To switch to local embeddings, set in your config:

openclaw config set memorySearch.provider local

Web search:

Brave Search has a free tier of 2,000 requests/month. That's plenty for most people. If you're using Perplexity or another paid search, consider switching:

Are we using the Brave free tier for web search?
If not, let's switch to save on search API costs.

Web fetch:

The built-in web fetcher works fine for most pages without Firecrawl (paid). Unless you're scraping JavaScript-heavy sites regularly, you probably don't need it.

8. Monitor Your Spending

Estimated savings: Prevents waste (not a direct cut, but catches problems)

You can't optimize what you can't see. I didn't realize how bad my spending was until I actually looked at the numbers.

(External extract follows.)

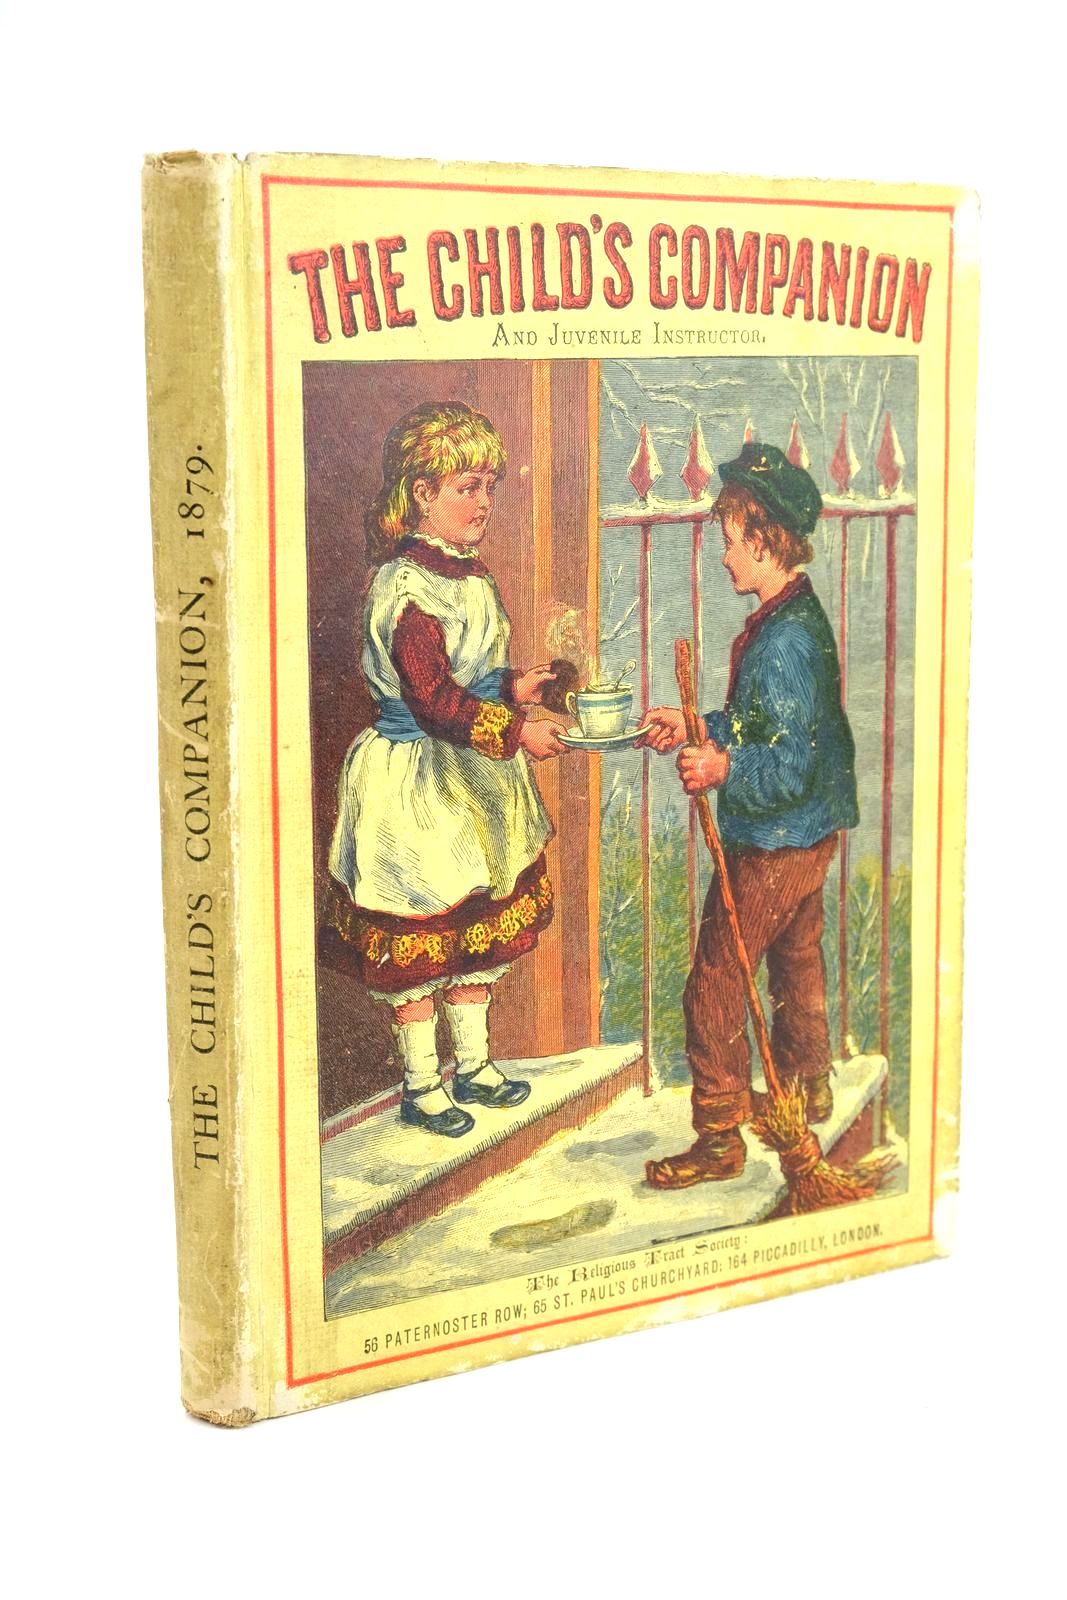 Photo of THE CHILD'S COMPANION AND JUVENILE INSTRUCTOR published by The Religious Tract Society (STOCK CODE: 1323275)  for sale by Stella & Rose's Books

Commands to check your usage:

In chat with your agent:

/status

Shows your current model, context size, and estimated cost for the last reply.

/usage full

Appends cost footers to every reply so you can see what each message costs.

From terminal:

openclaw status --usage

Shows provider usage windows and quota snapshots.

Tell your agent to track costs:

Start noting the estimated daily API cost in your daily memory file.
I want to see the trend over the next week.

Check your Anthropic dashboard (console.anthropic.com) and OpenAI dashboard (platform.openai.com) weekly. Set a budget alert if your provider supports it.

The Full Picture

Here's what my stack looks like now vs before:

Before (everything on Opus): ~$1,200/month

After optimization:

Model tiering (Sonnet for cron/sub-agents): $400-500 saved
ChatGPT subscription as secondary provider: $100-200 saved
Killing unnecessary heartbeats: $50-150 saved
Cron jobs replacing constant polling: $50-100 saved
Sub-agents for heavy tasks: $30-80 saved
Trimming system prompt/context: $20-60 saved
Local tools over paid APIs: $10-30 saved

New total: ~$450-550/month (roughly 55-60% reduction)

And honestly? The agent performs better now. The expensive model only kicks in when it actually matters. Everything else runs leaner and faster because it's not overthinking simple tasks.

The Bottom Line

You don't have to choose between a smart agent and an affordable one. You just have to stop using the expensive model for everything.

Most AI agent users I've talked to are running one model for all tasks. That's like driving a Ferrari to get groceries. It works, but you're burning premium gas for no reason.

Start with #1 (model tiering) and #2 (connect your ChatGPT subscription). Those two alone will cut your bill in half. Then work down the list as you feel like it.

The goal isn't to be cheap. It's to be smart about where the money goes.